On my first afternoon, knowing I’m an avid bird-watcher, my guide, Sebastian, drove me out to Laguna Chaxa, where salt pans attract three species of flamingos that come here to feed on brine shrimp. The pastel-hued scene was only slightly dampened by the lagoon’s sulfurous smell, and we finished the experience with sundowners at the edge of a canyon after an ultra-brief but very rare rain shower (well, more of a few-second sprinkle).

Vicuñas live at higher elevations and are rounded up by local herders for their wool; the viscacha looks a bit like a rabbit but it’s more closely related to chinchillas.
Photo by Nick DeRenzo
The next day, we drove through Vallecito’s dramatic rock formations, which look like the surface of Mars or the moon. At a dome-shaped rock that used to be a salt mine, Sebastian sprinkled sand over the halite (rock salt) surface to show me how it tinkles like a toy xylophone, and we paused to listen as the mountain cracked and groaned in the morning sun. What surprised me the most was how lifeless this valley felt: It’s so inhospitably salty and dry that I didn’t see a bird in the sky or hear an insect or encounter a blade of grass for miles around.
Wildlife appeared again on our drive up to Laguna Piedras Rojas, which sits at about 14,000 feet. (That is quite high, and the hotel sets out dispensers of coca-leaf-infused water on the bar for guests who are battling altitude sickness.) Along the ascent we passed by ostrich-like rheas and viscachas, cousins of chinchillas with long stiff whiskers that make them look like wise old men. The guanacos at lower elevations gave way to daintier vicuñas, which are believed to be the wild ancestors of alpacas and are prized for their ultra-soft, ultra-expensive wool. Rather than domesticate them, locals herd, catch, shear, and release them.
On another morning, we left the hotel before sunrise for El Tatio, the Southern Hemisphere’s largest geyser field. In the 15ºF chill, the steam plumes rose against the dawn light, with bubbling pools that get their odd colors from extremophile microorganisms that scientists have studied as clues to life on Mars.
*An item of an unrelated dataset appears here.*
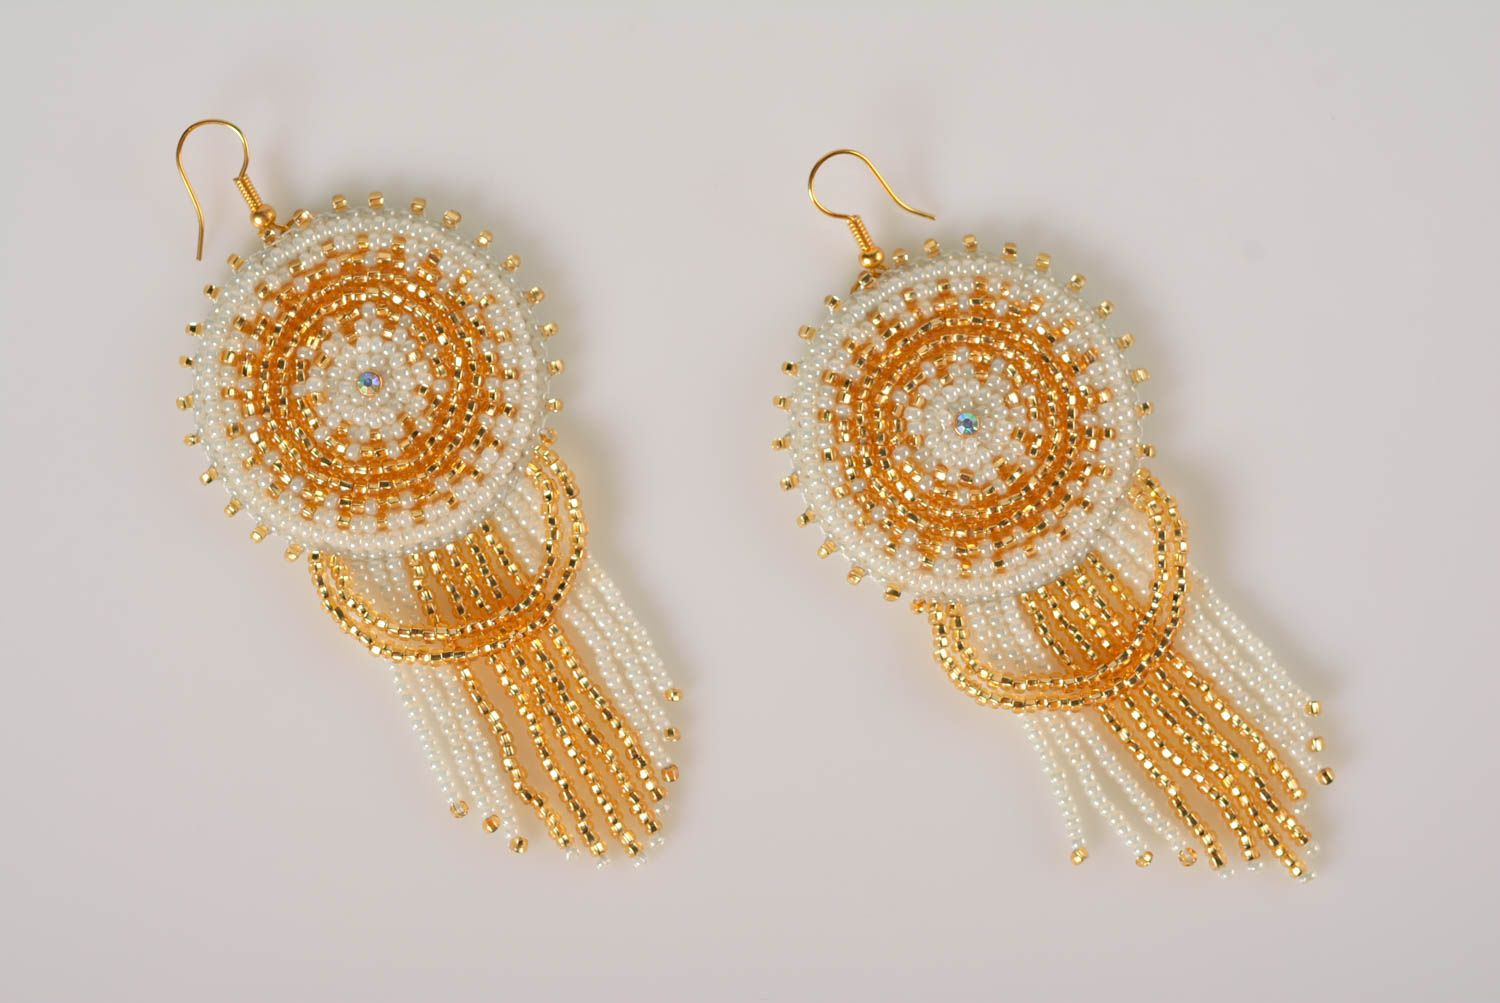 Handmade earrings designer earrings beaded earrings beads accessory unusual gift photo 3

It was also an ideal area to spot culpeos, or Andean foxes—tawny, feisty carnivores that have become a little too comfortable with approaching visitors because of the bad behavior (and food left behind by) some travelers.
Perhaps the most special place was Yerbas Buenas, which looks like an unassuming pile of boulders from the road, but is in fact a fascinating archaeological site that is believed to be an ancient Indigenous caravan stop. Thousands of years ago, traveling herders carved llamas, jaguars, foxes, monkeys, and flamingos into the rocks, leaving behind a menagerie of petroglyphs that suggested the far-flung places from which they had originated.
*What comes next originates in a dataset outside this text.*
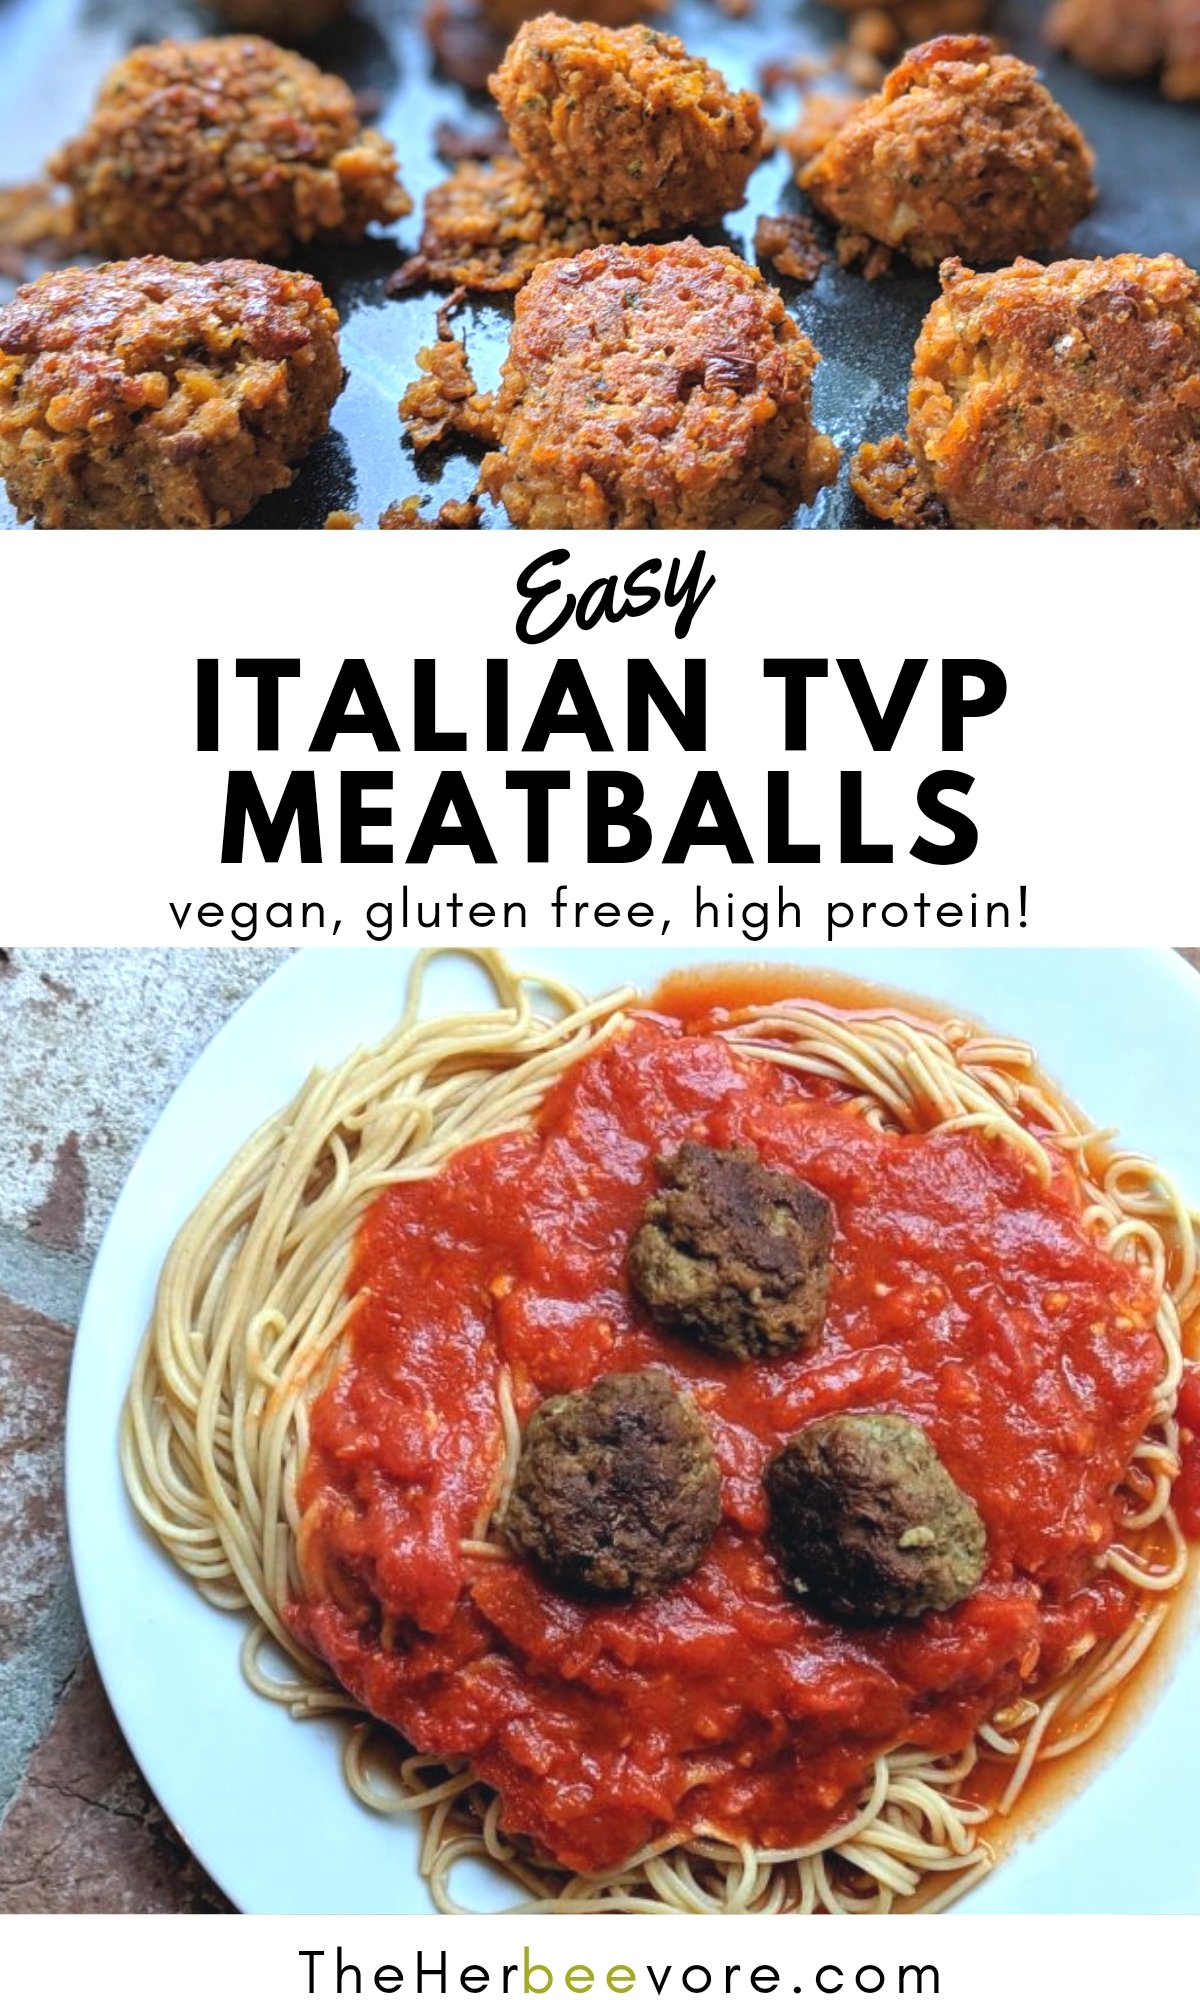 tvp meatballs recipe vegan gluten free high protein vegan meatballs with textured vegetable protein

Astronomers love the Atacama Desert for its ultra-dark, crystal-clear night skies.
Photo by shark girl/Shutterstock
Stargazing in an astrotourism capital
The Atacama Desert is one of the best places in the world for stargazing—it’s high, it’s dry, and virtually free of light pollution. While the night skies from the lodge are dazzling, Tierra partners with Observatorio Hemisferio Sur, a 20-minute drive into the desert, where telescopes reveal globular clusters and nebulae invisible to the naked eye.
The most memorable discovery, though, was the Indigenous sky lore. Unlike Western traditions that make constellations by linking together stars, ancient Andeans saw shapes in the black voids between them—what the Inca called yana phuyu, or “dark clouds.” My guide joked that it takes “a lot of imagination and a glass of whiskey” (which the hotel happily provides) to see them. But as I focused, a llama appeared out of the darkness like a Magic Eye poster. The Atacama has a way of shifting your perceptions, whether of landscapes, culture, or the heavens.